Transcribe the listing verbatim, please, with images dropped.

▸ INFORMATION PROVIDED
Segment Open

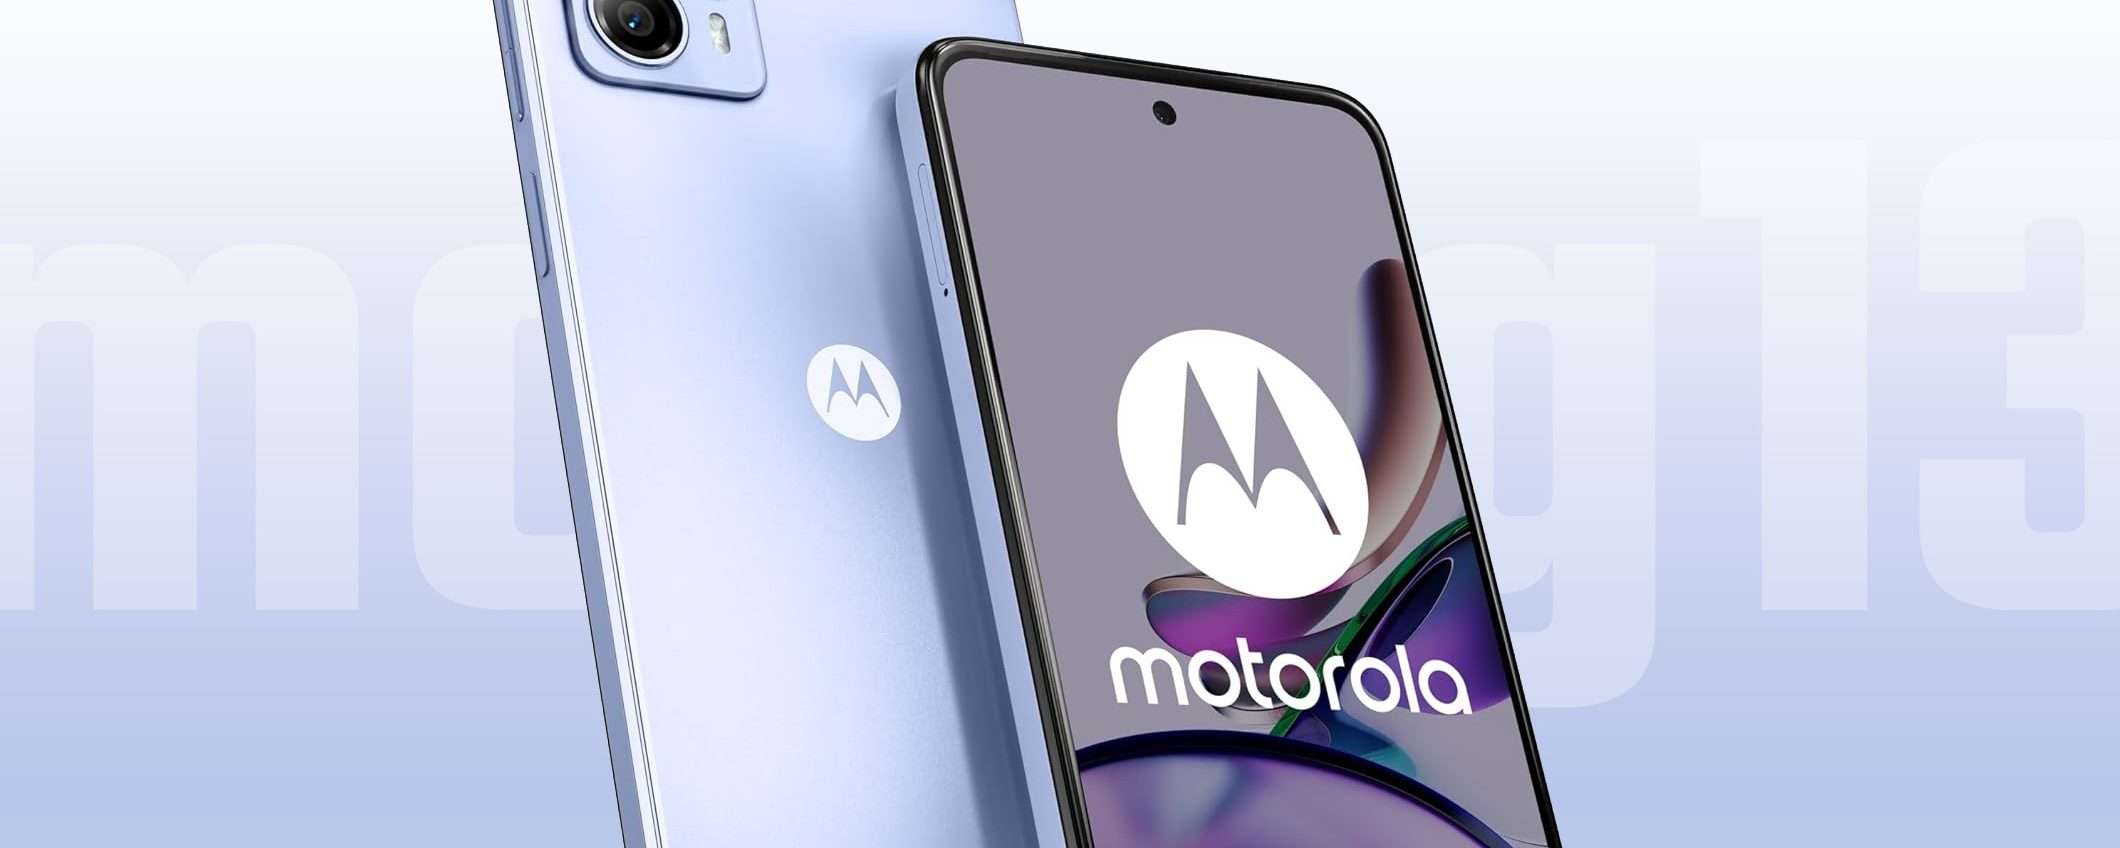 Lo smartphone Motorola moto g13 è sceso a 99 euro
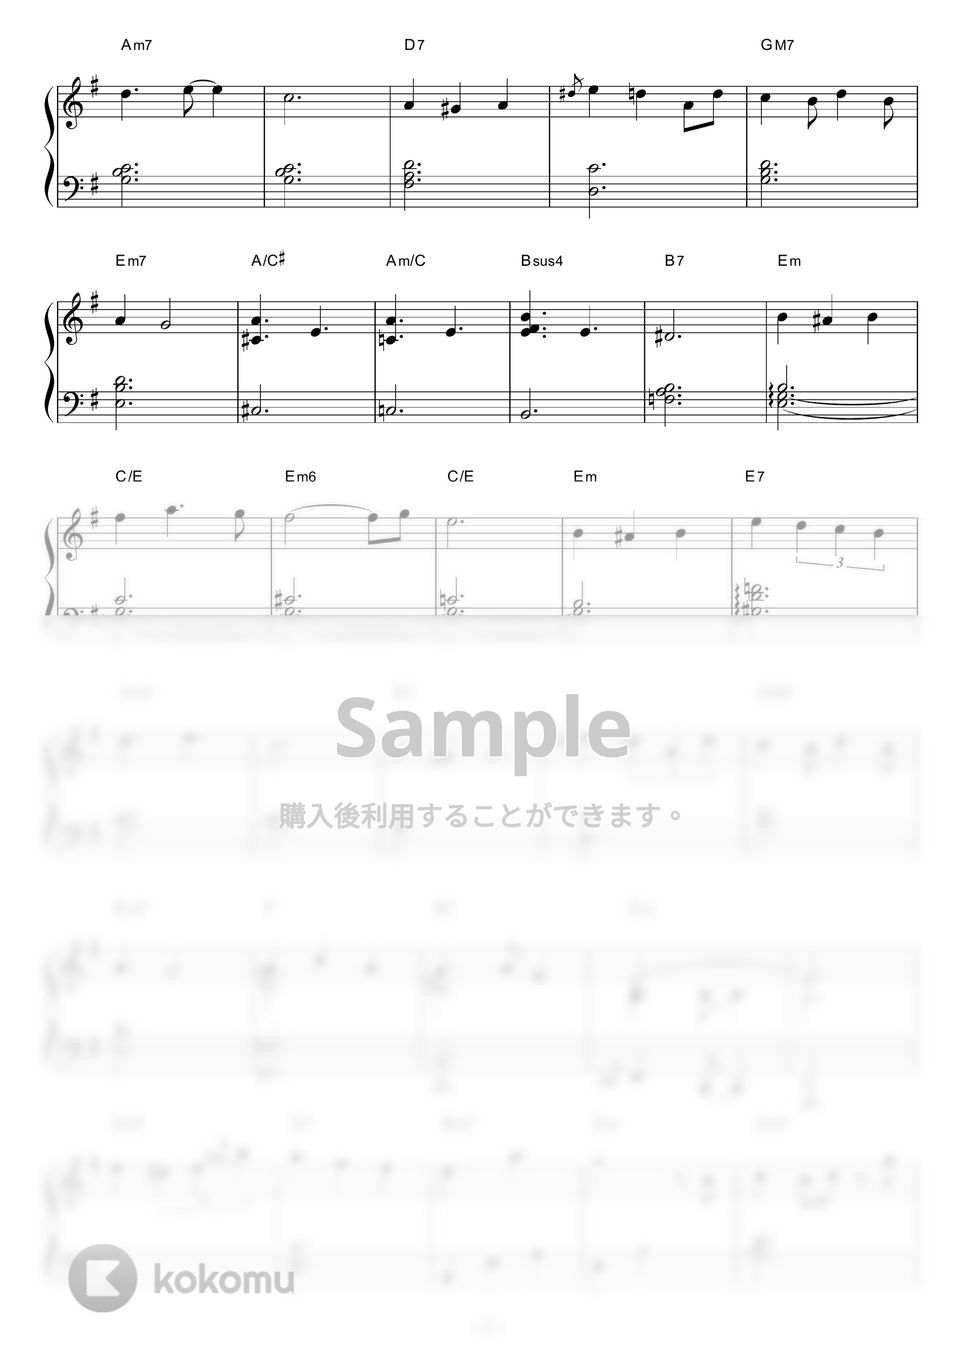 大野雄二 - 愛のバラード (Jazz.ver) by piano*score
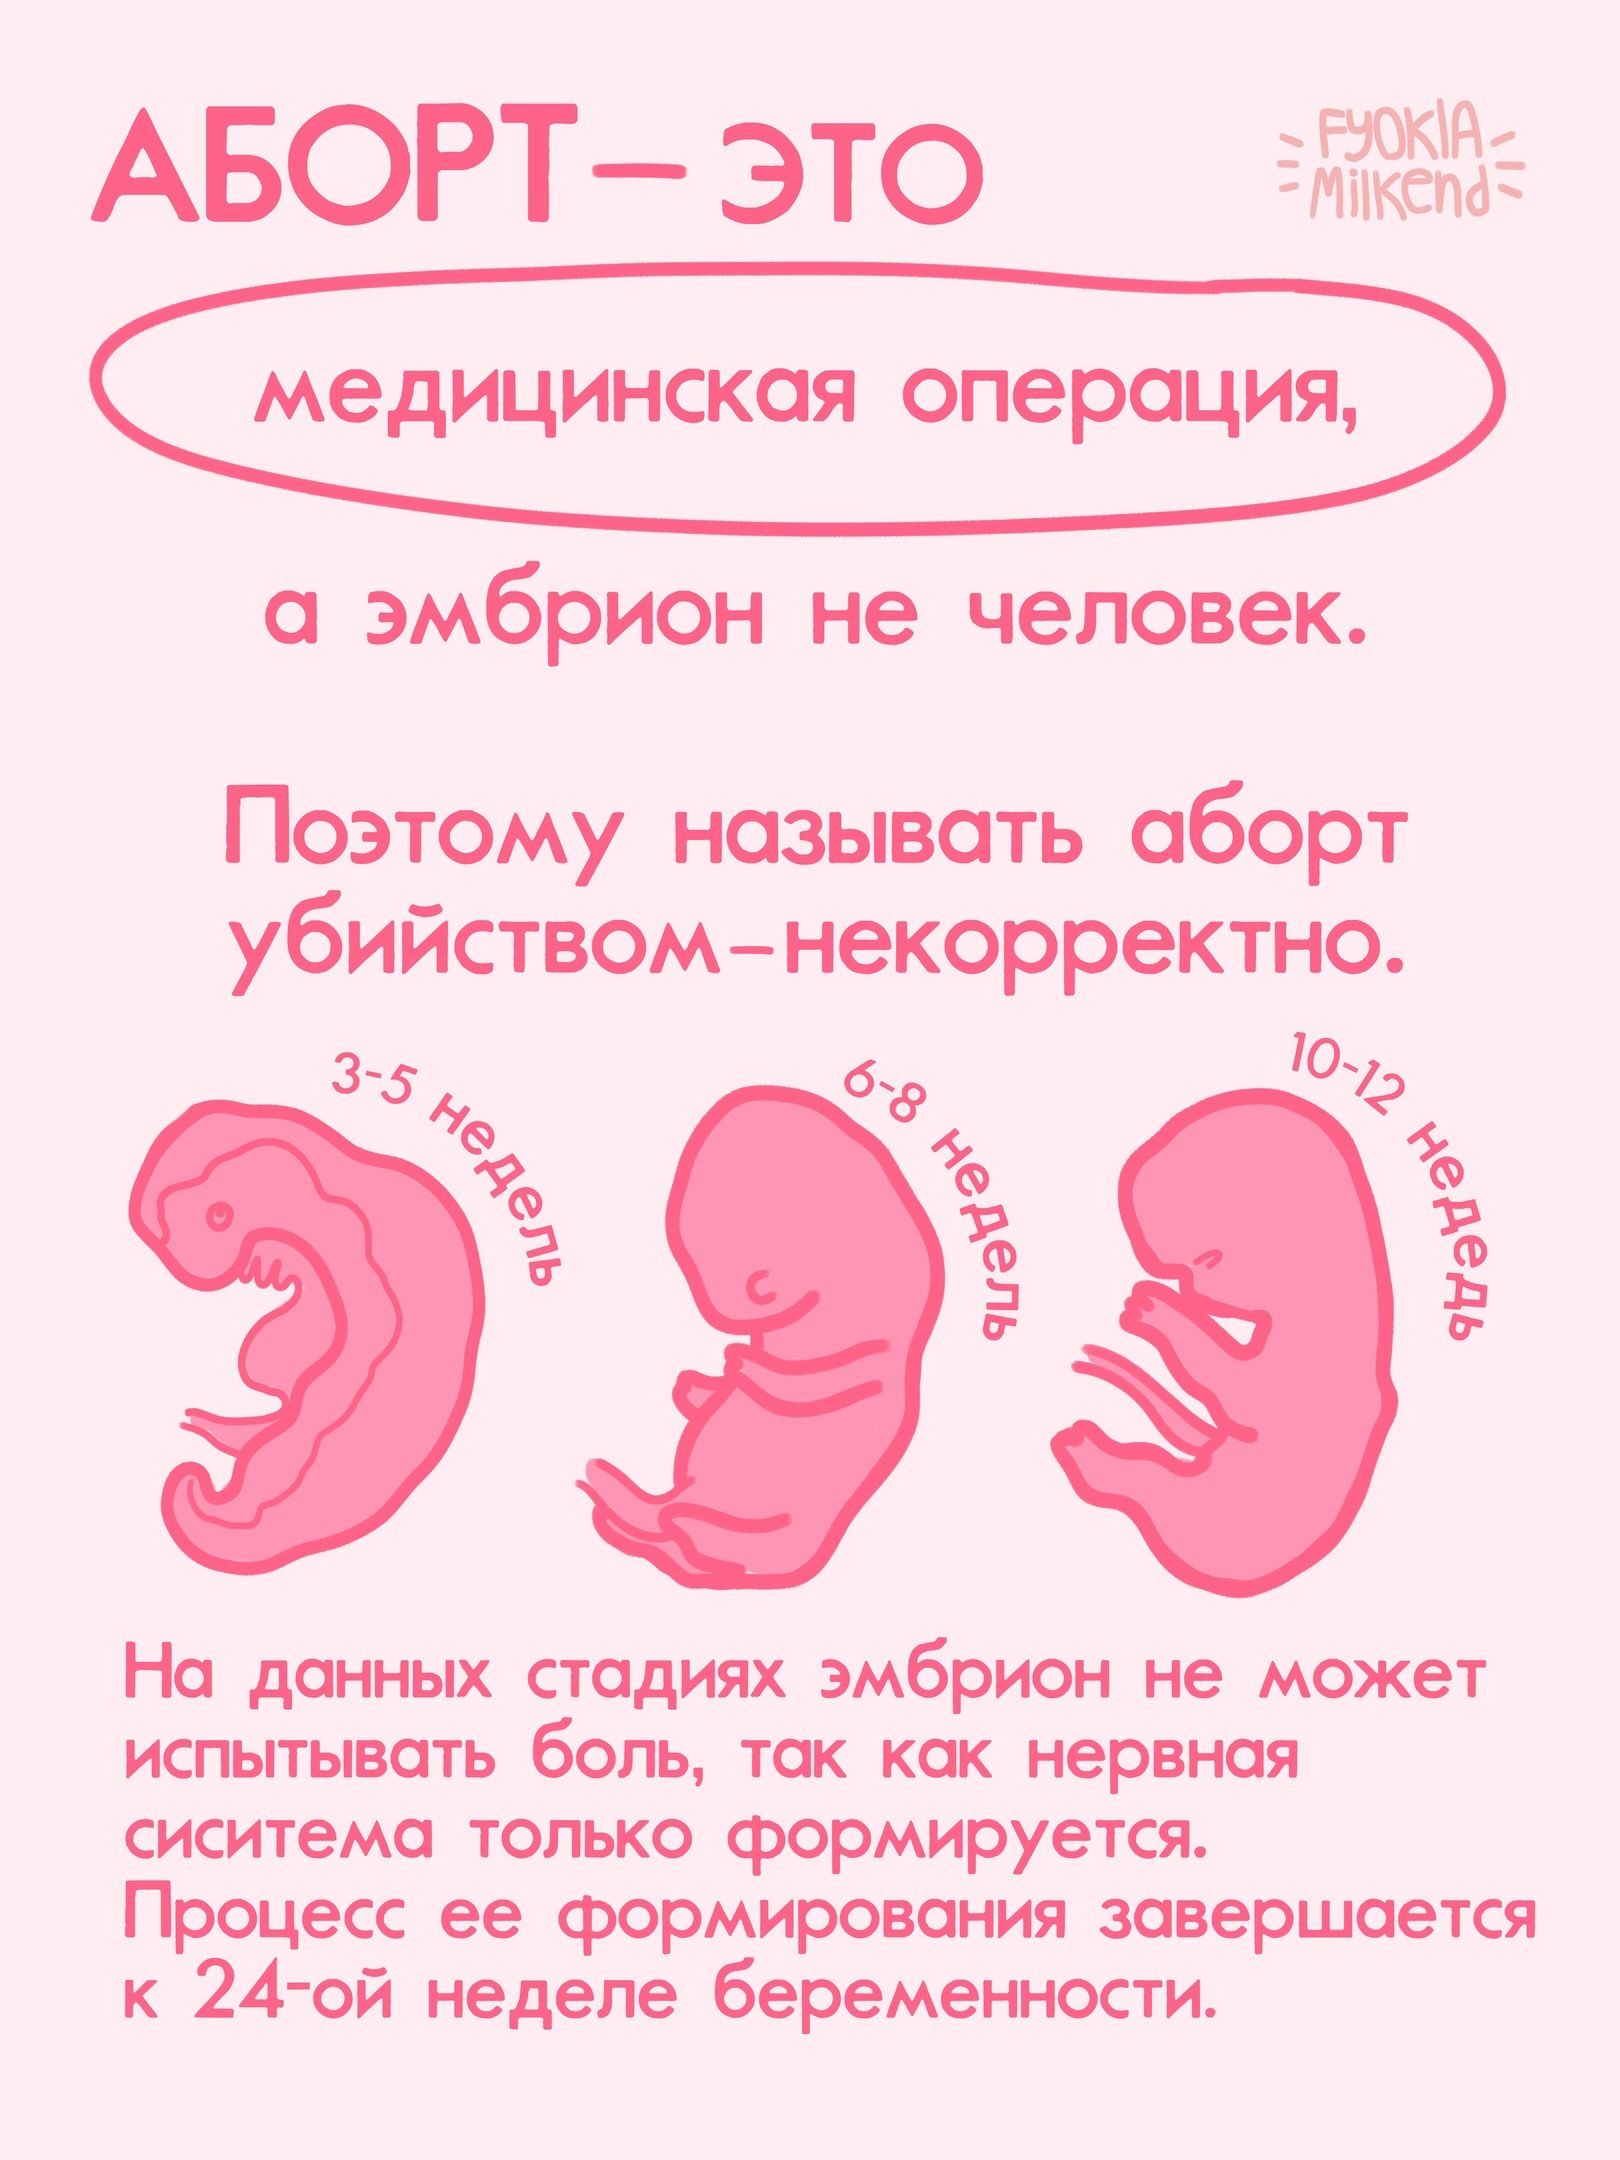 10 недель беременности сколько это. Борт. Прерывание беременности - аборт. Недели беременности по месяцам. Прерывание беременности до 12 недель и после.

Segment Closed

▸ RESULT FOR THIS EXERCISE
 Lo smartphone Motorola moto g13 è sceso a 99 euro
 大野雄二 - 愛のバラード (Jazz.ver) by piano*score
 10 недель беременности сколько это. Борт. Прерывание беременности - аборт. Недели беременности по месяцам. Прерывание беременности до 12 недель и после.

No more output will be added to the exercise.